An exact retyping of all lines below is the answer; pictures do not belong in it.

- [Data section]:
[Start of Attachment]

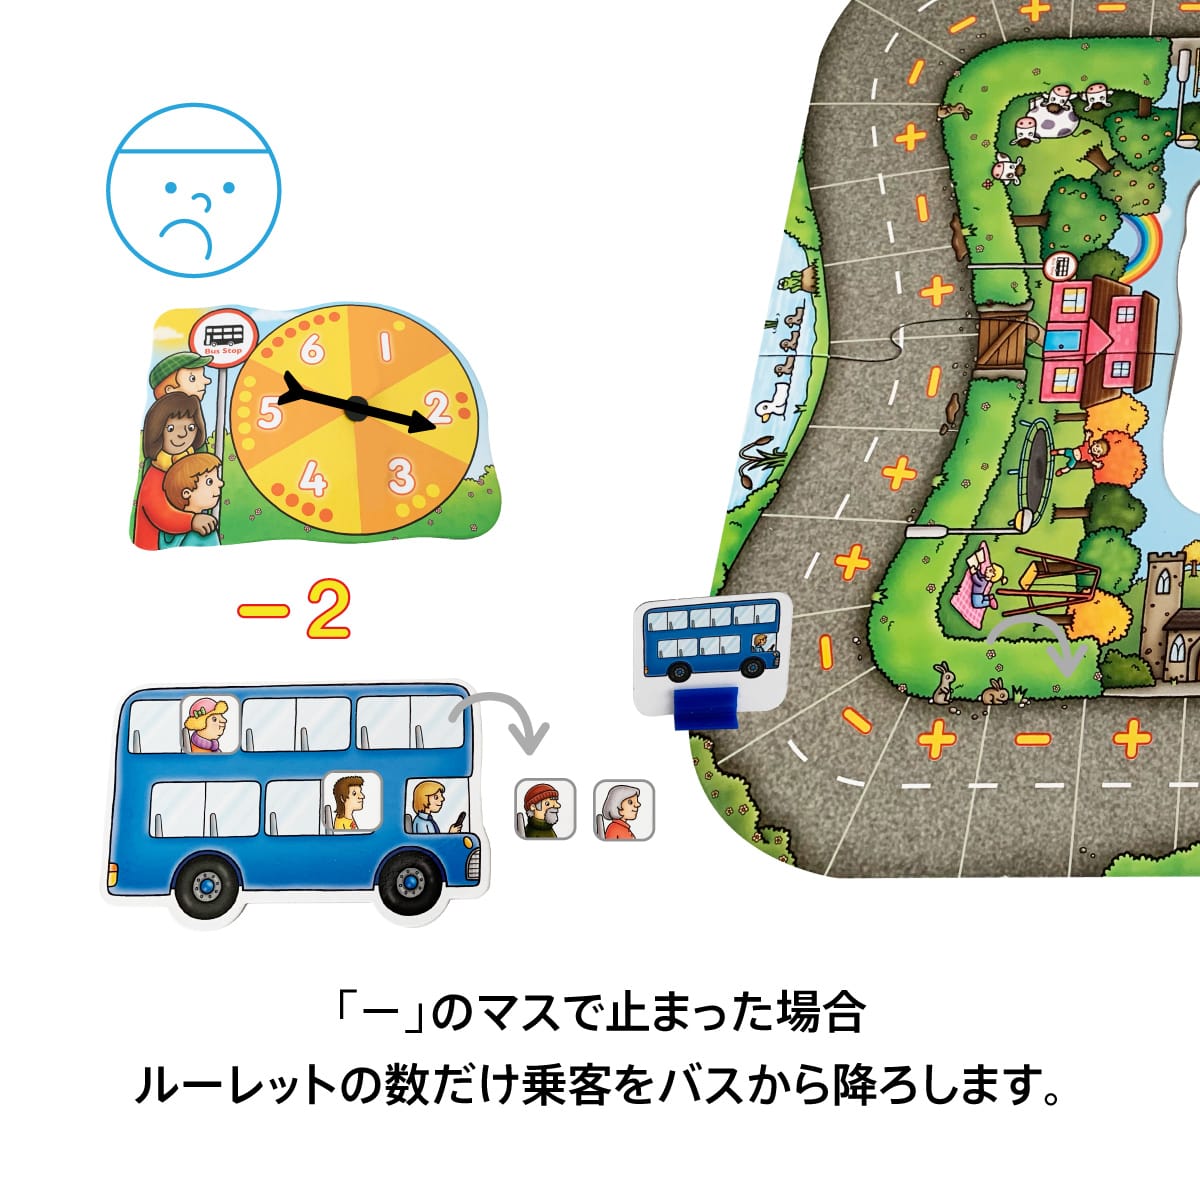 バス・ストップゲーム: ボーネルンド オンラインショップ。世界中の知育玩具など、あそび道具がたくさん。0歳からのお子様へのプレゼントにも。
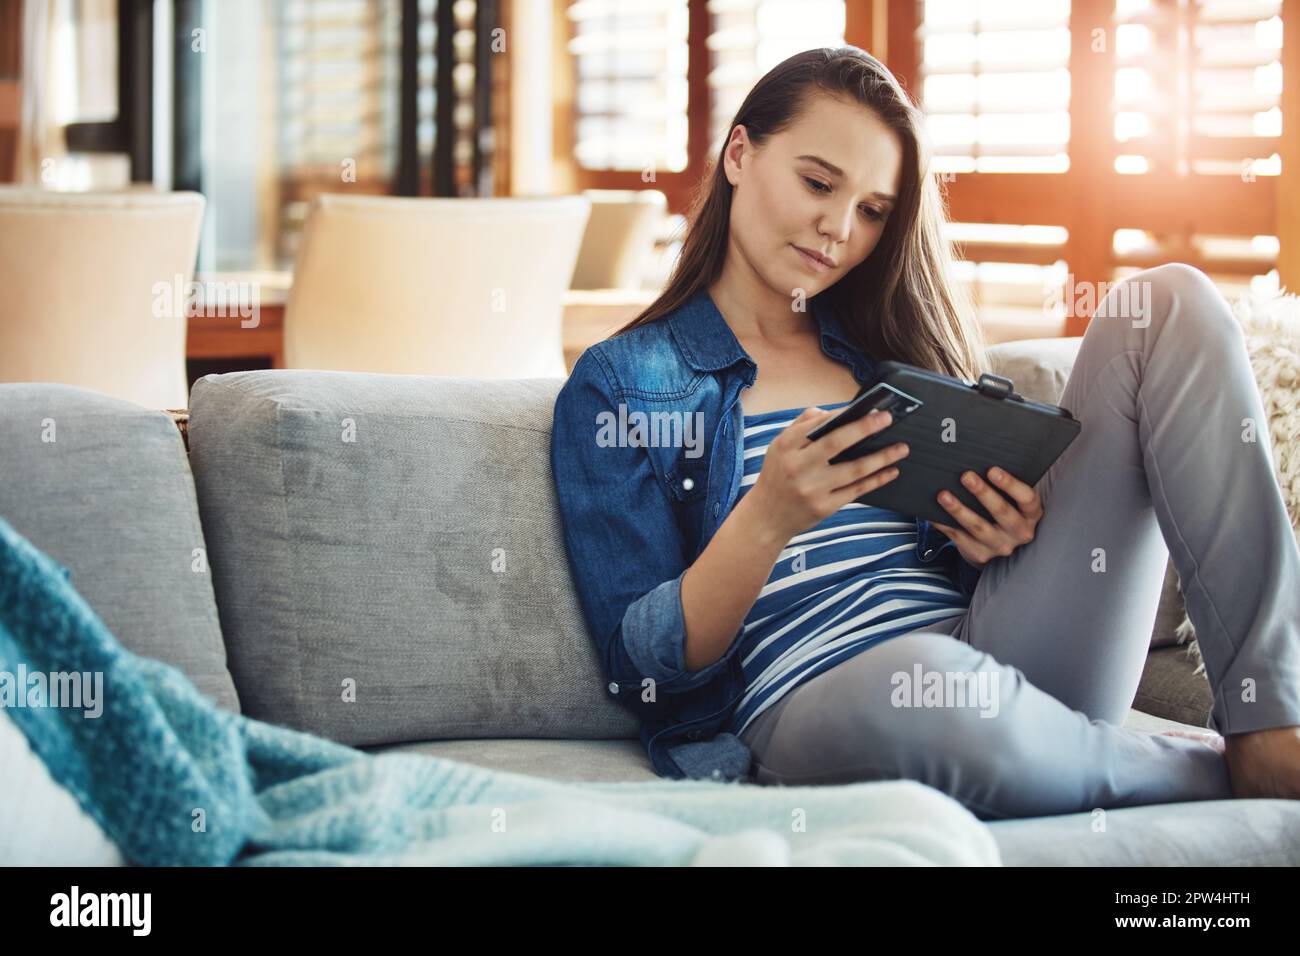 Shopping dans le confort de la maison. une jeune femme attrayante utilisant sa tablette pour faire des achats en ligne tout en se relaxant sur le canapé à la maison. Banque D'Images
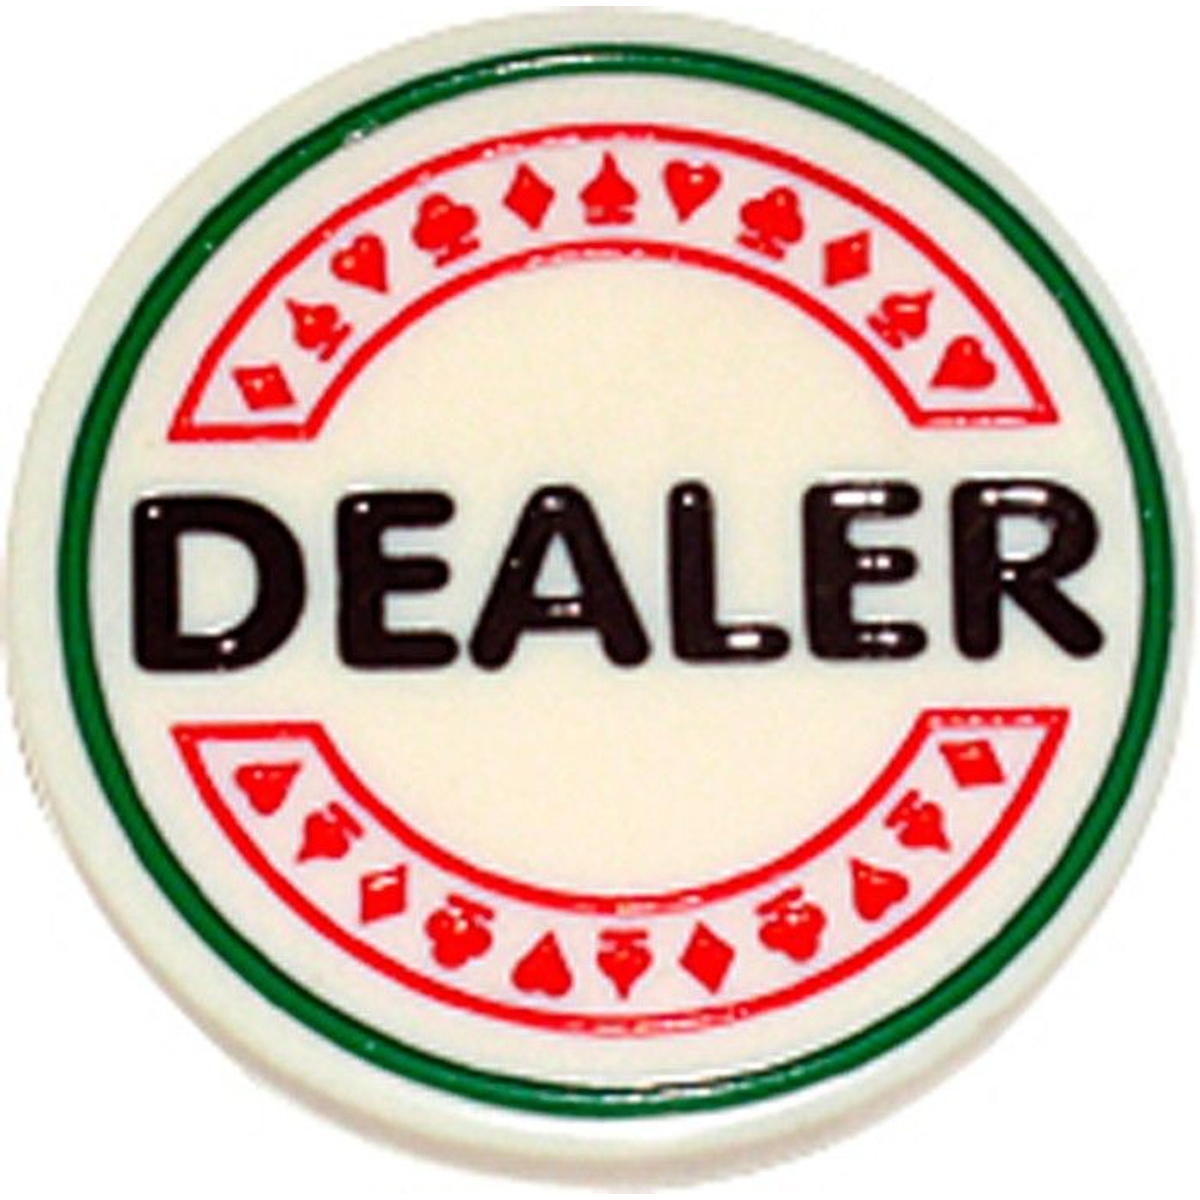  Dealer Button 
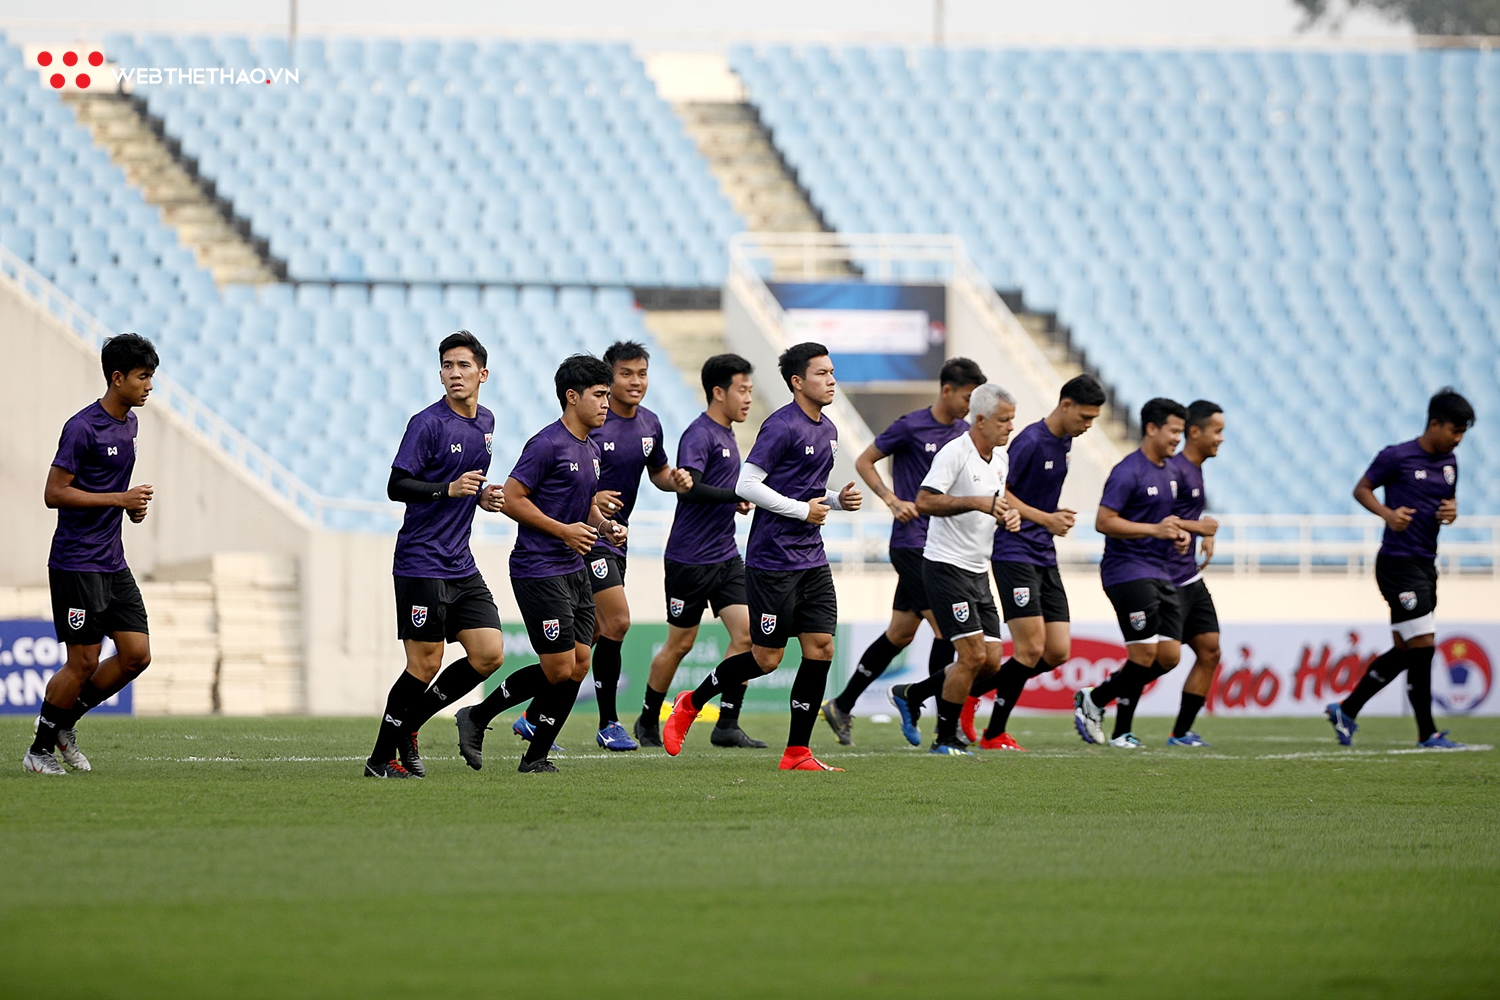 Chùm ảnh: Buổi tập đầu tiên của U23 Thái Lan trên sân Mỹ Đình

[End of Attachment]

- [Task response]:
 バス・ストップゲーム: ボーネルンド オンラインショップ。世界中の知育玩具など、あそび道具がたくさん。0歳からのお子様へのプレゼントにも。
 Shopping dans le confort de la maison. une jeune femme attrayante utilisant sa tablette pour faire des achats en ligne tout en se relaxant sur le canapé à la maison. Banque D'Images
  Dealer Button 
 Chùm ảnh: Buổi tập đầu tiên của U23 Thái Lan trên sân Mỹ Đình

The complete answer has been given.